### Records shown
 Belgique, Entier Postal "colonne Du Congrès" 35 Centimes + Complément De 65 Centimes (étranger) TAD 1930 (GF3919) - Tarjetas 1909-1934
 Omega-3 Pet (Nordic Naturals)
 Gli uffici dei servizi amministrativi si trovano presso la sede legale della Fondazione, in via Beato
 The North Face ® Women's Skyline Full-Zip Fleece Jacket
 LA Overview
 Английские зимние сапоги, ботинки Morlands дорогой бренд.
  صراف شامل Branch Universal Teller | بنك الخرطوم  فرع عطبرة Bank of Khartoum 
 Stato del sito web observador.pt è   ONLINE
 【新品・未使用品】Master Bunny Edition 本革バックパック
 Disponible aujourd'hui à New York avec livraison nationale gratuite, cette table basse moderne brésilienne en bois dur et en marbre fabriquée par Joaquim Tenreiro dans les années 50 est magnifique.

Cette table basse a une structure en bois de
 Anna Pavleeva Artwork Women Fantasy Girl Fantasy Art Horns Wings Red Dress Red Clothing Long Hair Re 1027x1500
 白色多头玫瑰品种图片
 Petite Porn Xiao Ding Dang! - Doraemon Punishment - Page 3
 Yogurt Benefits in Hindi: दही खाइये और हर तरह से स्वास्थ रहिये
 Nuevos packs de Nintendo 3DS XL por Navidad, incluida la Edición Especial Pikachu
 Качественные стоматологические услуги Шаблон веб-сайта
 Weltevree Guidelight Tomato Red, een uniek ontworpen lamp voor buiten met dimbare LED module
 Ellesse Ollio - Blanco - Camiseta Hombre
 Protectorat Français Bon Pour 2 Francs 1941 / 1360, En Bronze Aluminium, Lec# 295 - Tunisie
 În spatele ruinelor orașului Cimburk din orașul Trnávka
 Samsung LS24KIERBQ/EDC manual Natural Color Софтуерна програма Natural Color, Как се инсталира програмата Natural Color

### Exercise goal
Everything above from the line containing "LA Overview" down to the line containing "Yogurt Benefits in" is to be transcribed exactly, with both of those lines included and nothing else added.

### Exercise result
 LA Overview
 Английские зимние сапоги, ботинки Morlands дорогой бренд.
  صراف شامل Branch Universal Teller | بنك الخرطوم  فرع عطبرة Bank of Khartoum 
 Stato del sito web observador.pt è   ONLINE
 【新品・未使用品】Master Bunny Edition 本革バックパック
 Disponible aujourd'hui à New York avec livraison nationale gratuite, cette table basse moderne brésilienne en bois dur et en marbre fabriquée par Joaquim Tenreiro dans les années 50 est magnifique.

Cette table basse a une structure en bois de
 Anna Pavleeva Artwork Women Fantasy Girl Fantasy Art Horns Wings Red Dress Red Clothing Long Hair Re 1027x1500
 白色多头玫瑰品种图片
 Petite Porn Xiao Ding Dang! - Doraemon Punishment - Page 3
 Yogurt Benefits in Hindi: दही खाइये और हर तरह से स्वास्थ रहिये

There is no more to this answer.